I suppose it's because of bug in com.microsoft.sqlserver.jdbc.SQLServerDriver
. And I investigated more to confirm that the call to the native
function consumes this interruption in all cases it trhows its own, but preserves it when succeeded.
Tomek
P.S. I found the analogous issue.
P.P.S
I enclose a very short example of what I'm writting above. The registered class can be found in sqljdbc42.jar
. I found this bug in classes built on 2015-08-20 then I updated to the newest version available (from 2017-01-12) and the bug still exists.
import java.sql.*;
public class TEST implements Runnable{
static{
try{
//register the proper driver
Class.forName("com.microsoft.sqlserver.jdbc.SQLServerDriver");
}
catch(ClassNotFoundException e){
System.err.println("Cannot load JDBC driver (not found in CLASSPATH).");
}
}
public void run() {
Thread.currentThread().interrupt();
System.out.println(Thread.currentThread().isInterrupted());
//prints true
try{
Connection conn = DriverManager.getConnection("jdbc:sqlserver://xxxx\\xxxx;databaseName=xxxx;integratedSecurity=true");
}
catch (SQLException e){
System.out.println(e.getMessage());
}
System.out.println(Thread.currentThread().isInterrupted());
//prints false
System.exit(0);
}
public static void main(String[] args){
(new Thread(new TEST())).start();
}
}
If you pass something completely incorrect, as "foo"

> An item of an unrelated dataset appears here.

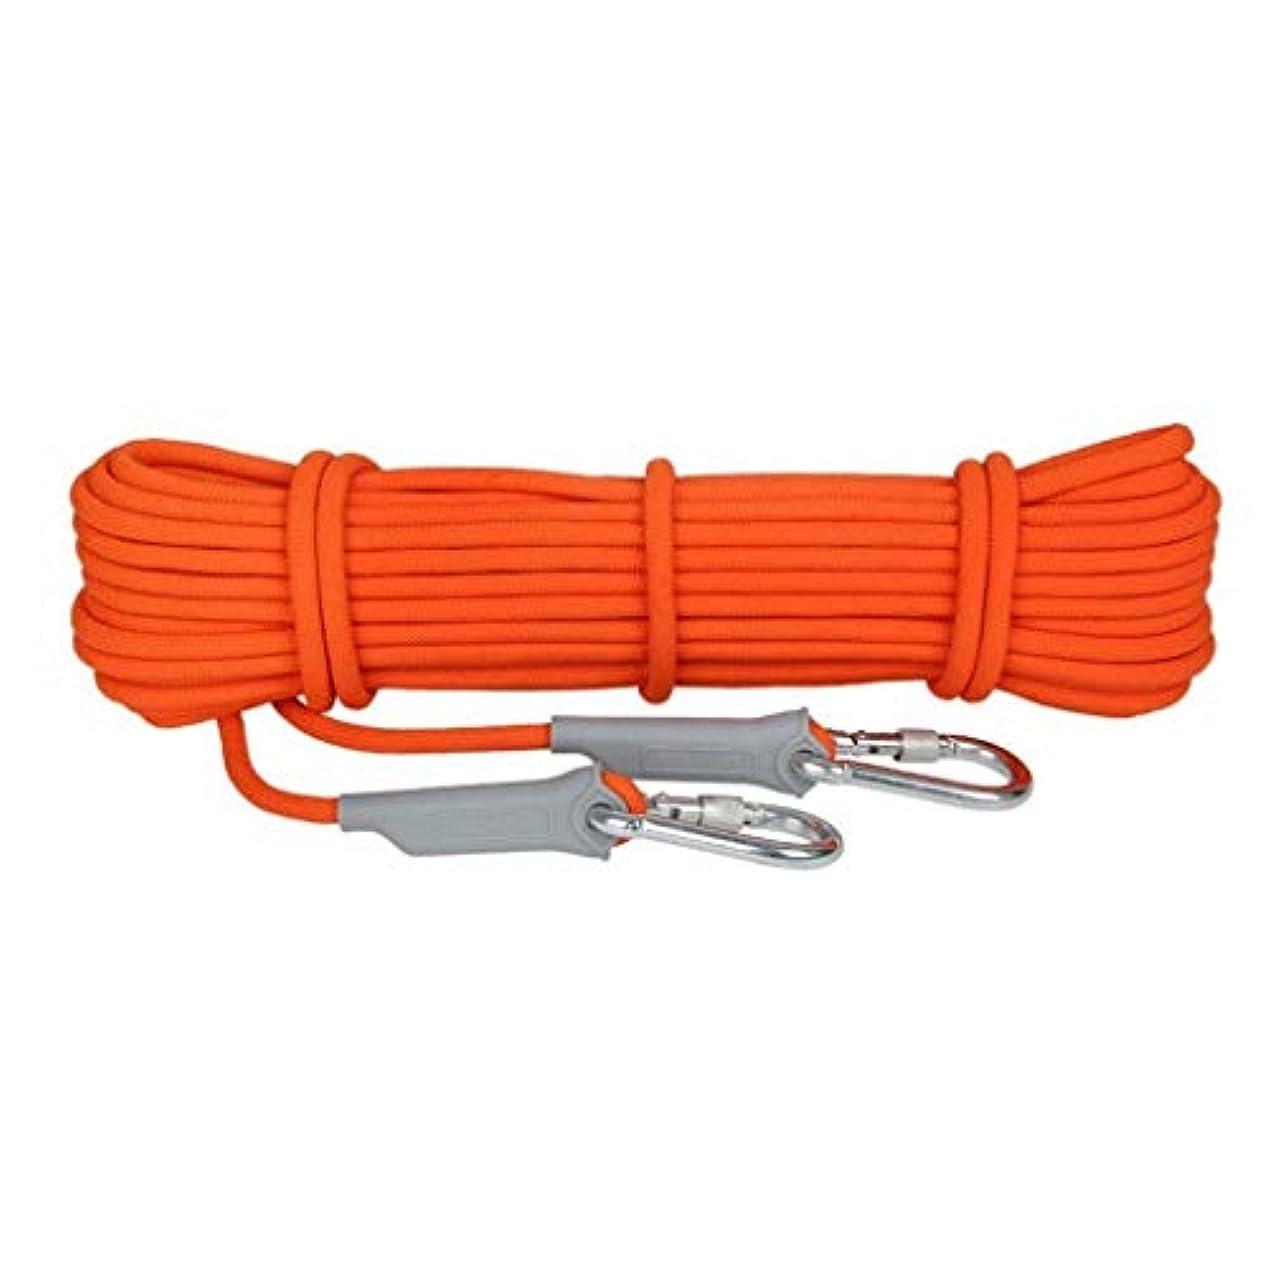 矢印帰る火山の登山ロープの家の火の緊急脱出ロープ、ハイキングの洞窟探検のキャンプの救助調査および工学保護のための多機能のコードの安全ロープ。 (Color : 8.5mm, Size : 15m)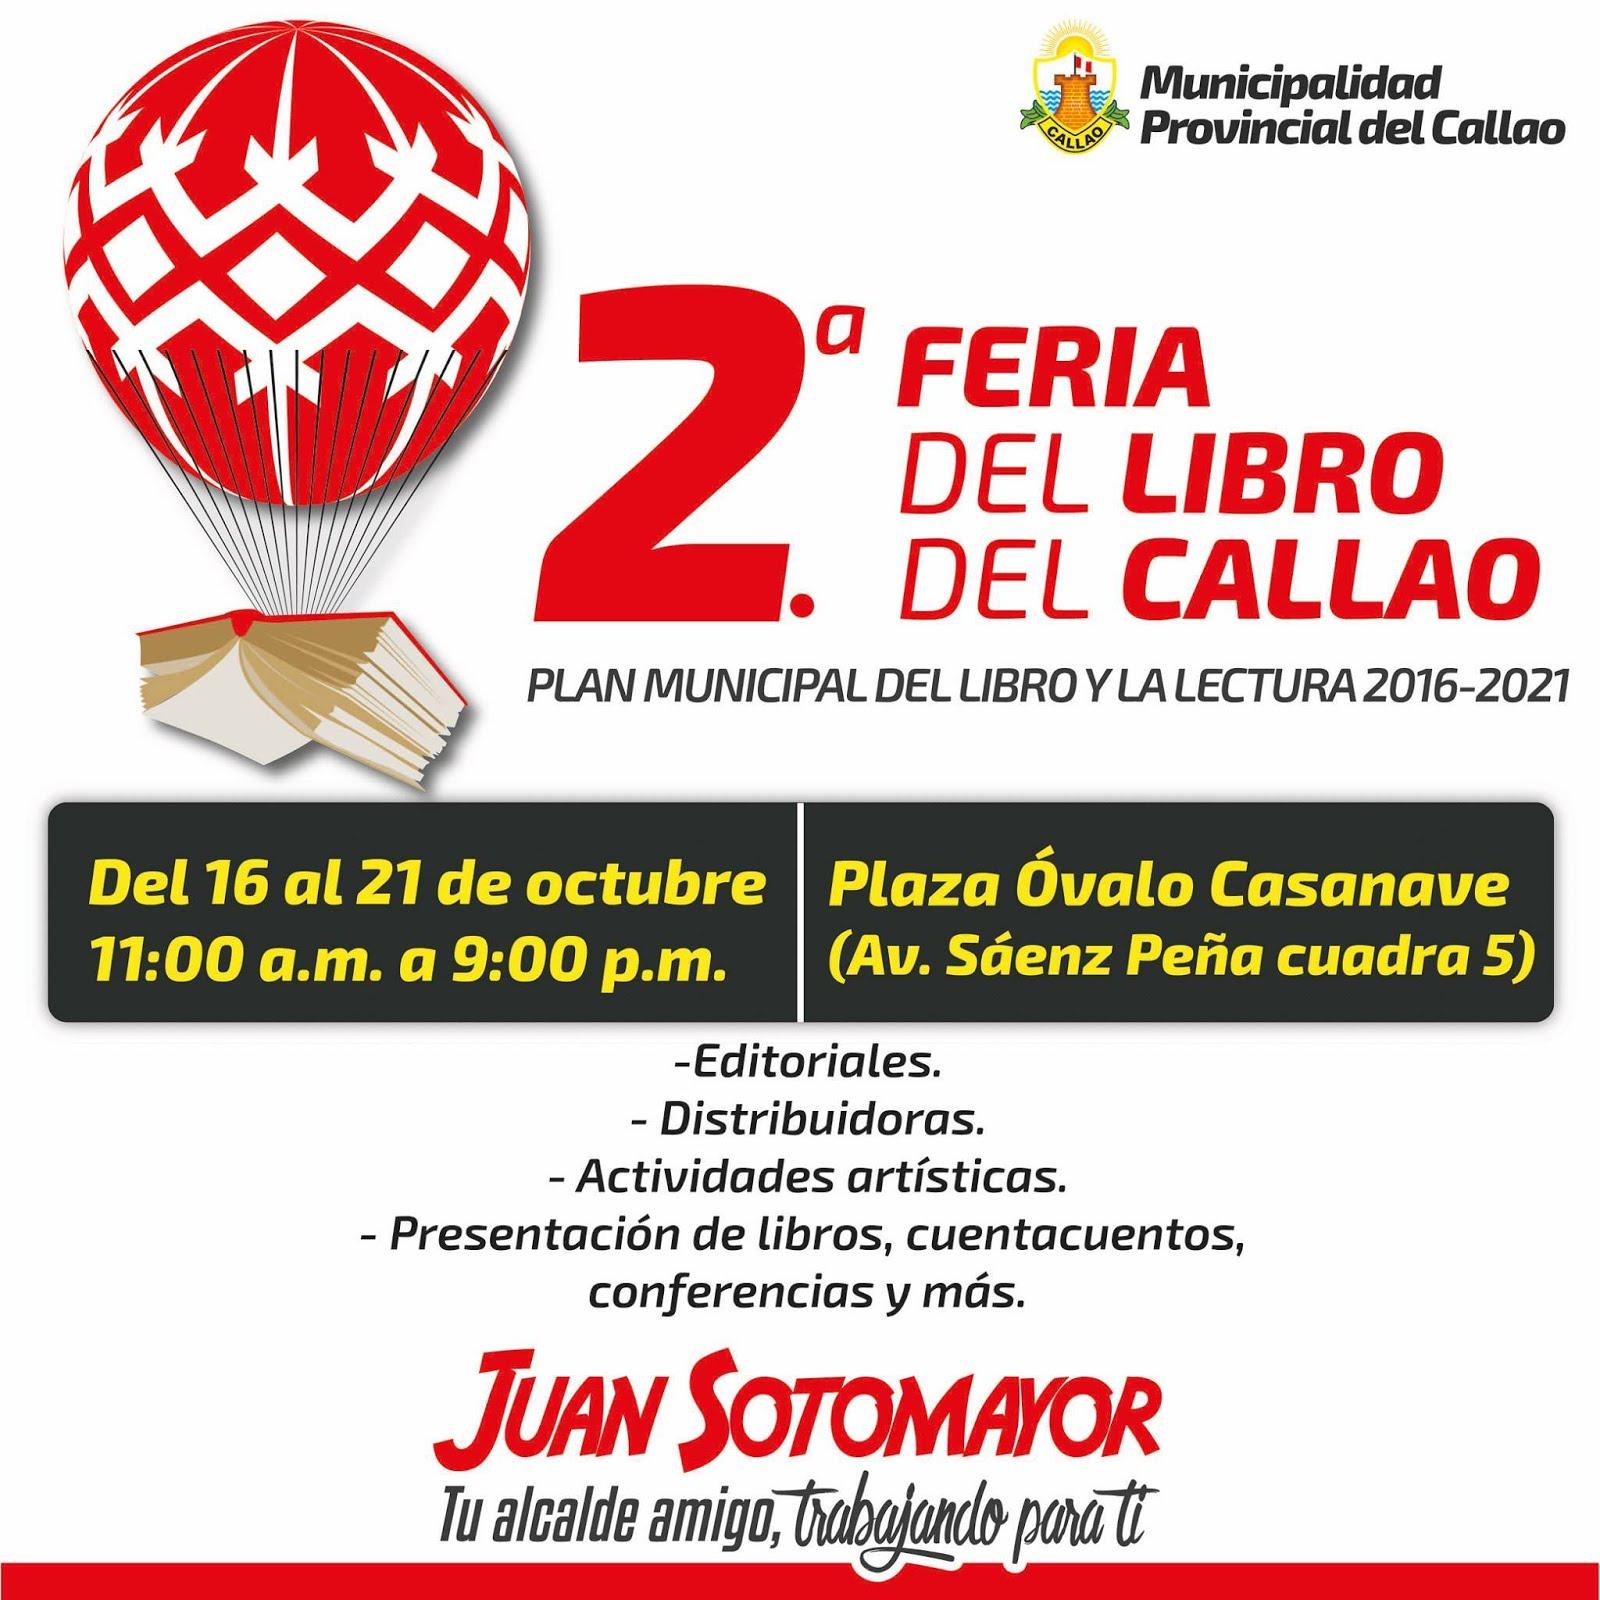 En 2da Feria del Libro del Callao (16 al 21 de octubre 2017)

, to the DriverManager.getConnection()
, you will obtain the message "No suitable driver found for foo", and the second printout will be still true as one would expect. But if you pass the correctly built string but, say, your server is down or you lost your net connection (that can generally occurr in the production environment), you will see the java.net
socket timeout error printout and the thread's interrupted()
state is LOST.
THe problem is not that the implementation is not buggy but rather your thread is in an unknown state when it gets interrupted and this can lead to unpredictable behavior.